I have been using low wattage, Par38 outdoor halogen flood bulbs for my basking tegus (and monitors too!) for a very long time. They produce high heat and the low watts helps save on electricity bills and does not dry out the air as much as high wattages do so it helps maintain proper humidity levels. For example, when using Zoo Med/Exo-terra or other reptile brand heat and basking bulbs you would have to use very high watts such as 150 or higher to achieve high basking temps, whereas with the outdoor flood bulbs you can do a cluster of 50-60watts. In my 8x3x3 and 8x4x4 enclosures I have a cluster of 2-3, 60 watt bulbs to create a surface temp of 130-135f degrees for my adults. Any smaller sized tegus can handle 1 or 2 bulbs. The idea of cluster lighting is to give an even amount of heat from their snout to vent to effectively heat their body to optimal core temp. As the animal grows you can add another bulb to spread out the beam of heat/light. You will have to play around with the different watts (while staying low! No more than a 90watt for each bulb should be needed) as wattage depends on how many bulbs your are offering as well as the height from the basking surface and what the surface is. Slate will heat up warmer than porous rocks such as a cinder block or paving stone. Plywood heats up faster but doesn’t retain the heat as long after the lights have gone off. Remember you will need a temp gun to properly measure surface temperature.

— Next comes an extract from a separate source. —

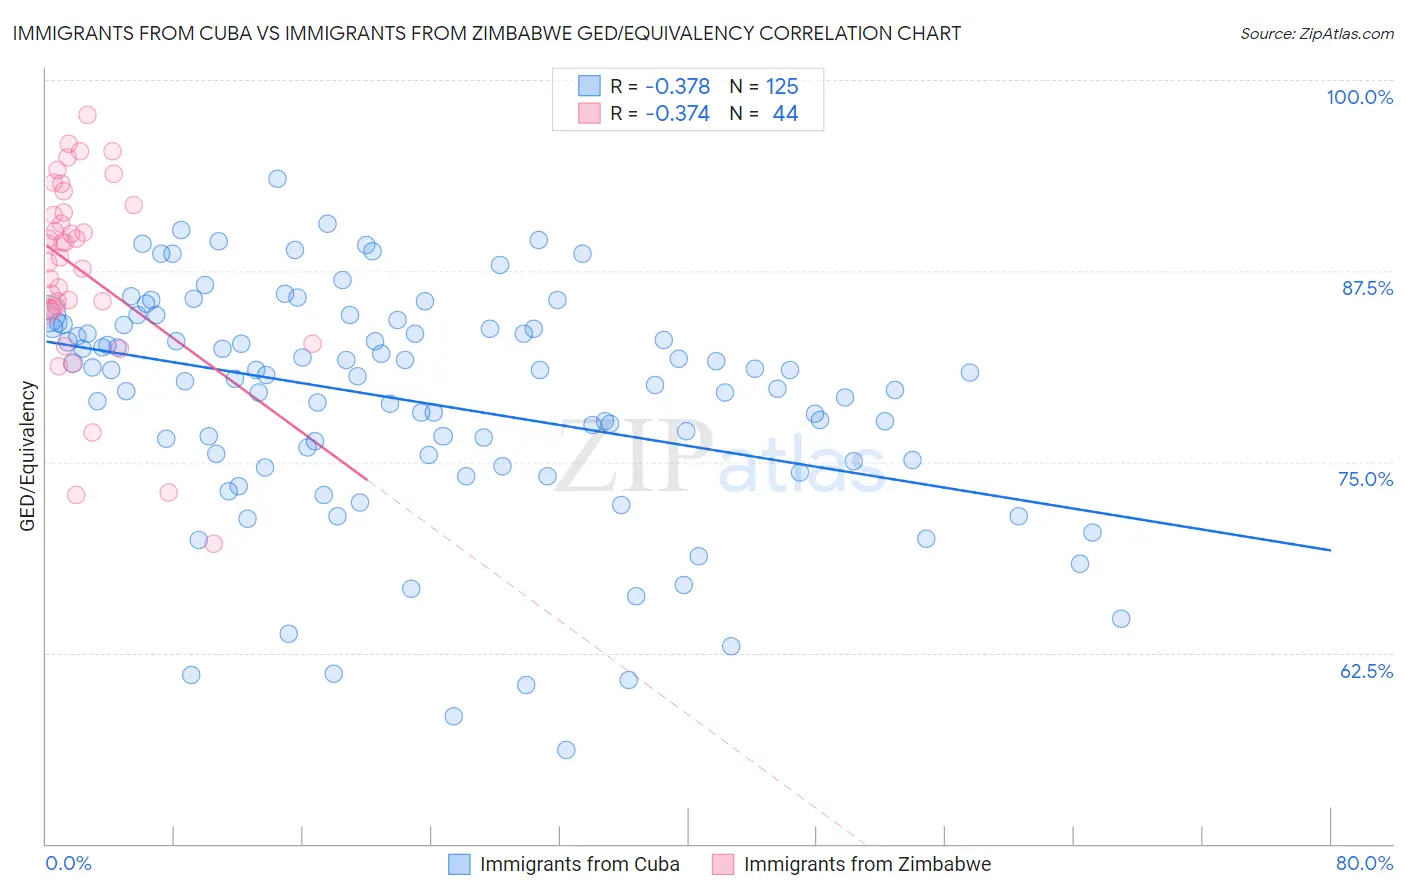 Immigrants from Cuba vs Immigrants from Zimbabwe GED/Equivalency
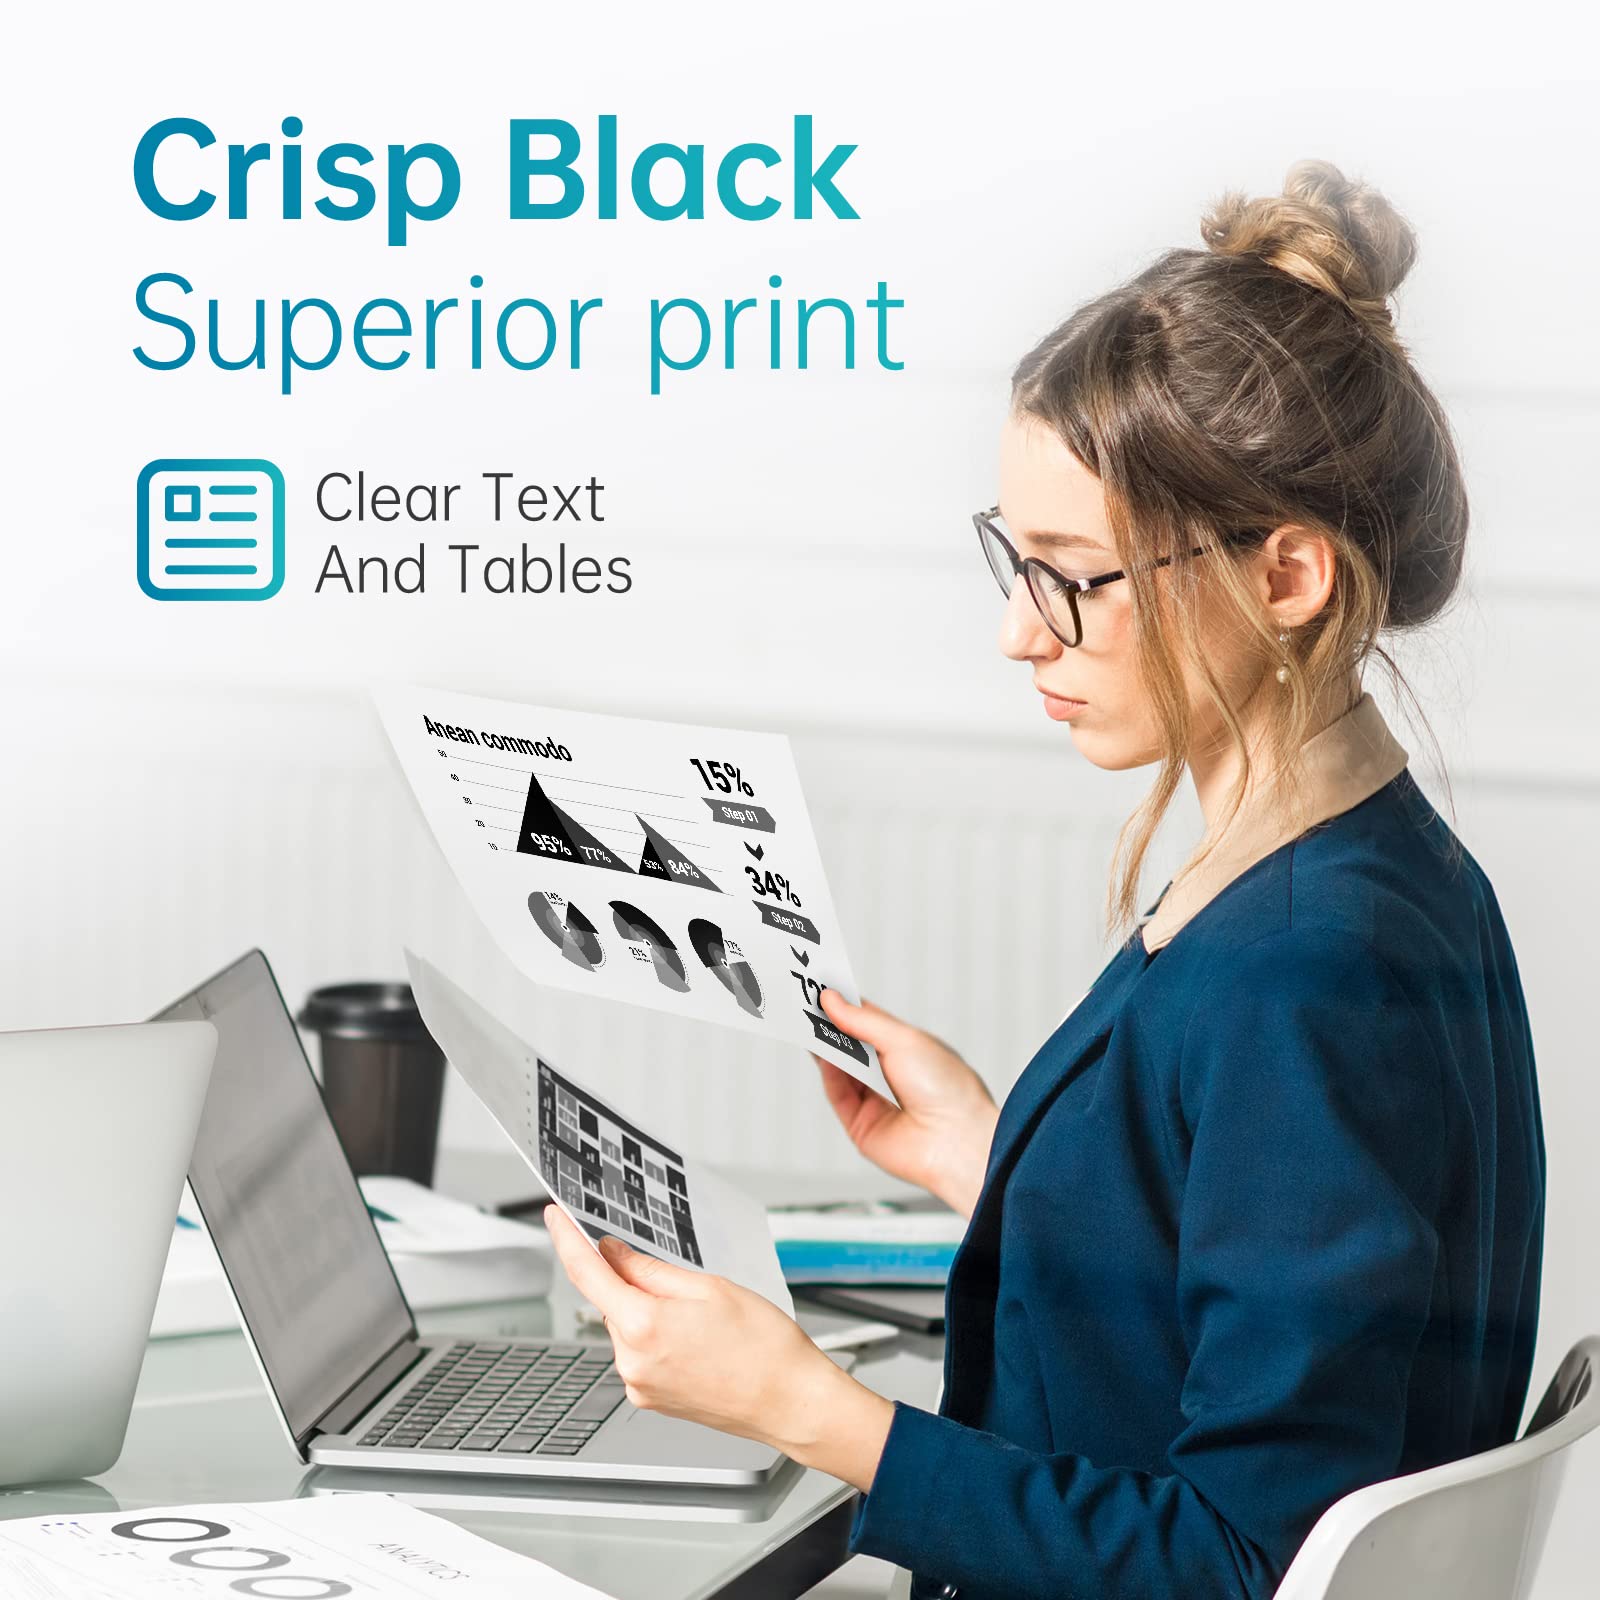 Crisp Black Superior Print: Professional woman reviewing a document printed with LEMERO HP 61XL ink cartridges, illustrating the superior quality of crisp black text and detailed graphics.

I have also found that the outdoor flood bulbs last longer than typical reptile heat bulbs and if water from your mister hits them, they will not explode. You can find them at walmart, any home improvement store, hardware stores and even some grocery stores have them in the household isle so they are readily available. I prefer to use GE, Phillips, or Sylvania brands as I find they last longer and produce more heat than some of the off-brands. Its important to get the outdoor and floods. Not indoor and not spot bulbs. You want Par38’s as that is the bulb size, any smaller produces too narrow of a stream of light/heat. These bulbs are for heat only, and do not produce UV. If you want to offer UV then you would need a separate uv source such as a florescent ZooMed ReptiSun.


----------



## Penny&Dollar (Jan 9, 2014)

Post a pic of the gu laying under the bulb, that way I can see you're enclosure. Lolol


----------



## ferociouscorpion (Jan 9, 2014)

Yup been using them for about 4 years now on all my reptiles.


----------



## Penny&Dollar (Jan 10, 2014)

Okay so right know im using a 4x2x2 enclosure my blue's are about 30 inches mor or less. How many do I need? what wattage do I use?


----------



## ferociouscorpion (Jan 11, 2014)

My blue tegu is 36inches in a 4x2x2 also with about 4inch substrate. I'm using a 45 watt flood light. Which puts the basking temp at 103. I may go up the 55 watt so I can get the basking temp to 110.


----------



## Penny&Dollar (Jan 12, 2014)

Cool thnx really appreciate it.


----------



## Michael Soto (Jan 16, 2014)

How far off the ground do you have ur bulbs?


----------



## KIN_Dante (Feb 9, 2014)

Great idea, but I have trouble wrapping my head around this. Flood lights consume less energy than incandescent light bulbs because they emit less infrared, which is totally useless for human vision. But since we're trying to heat up our animals with visible and infrared light (like the sun), I don't see how regular light bulbs are wasteful in energy.


----------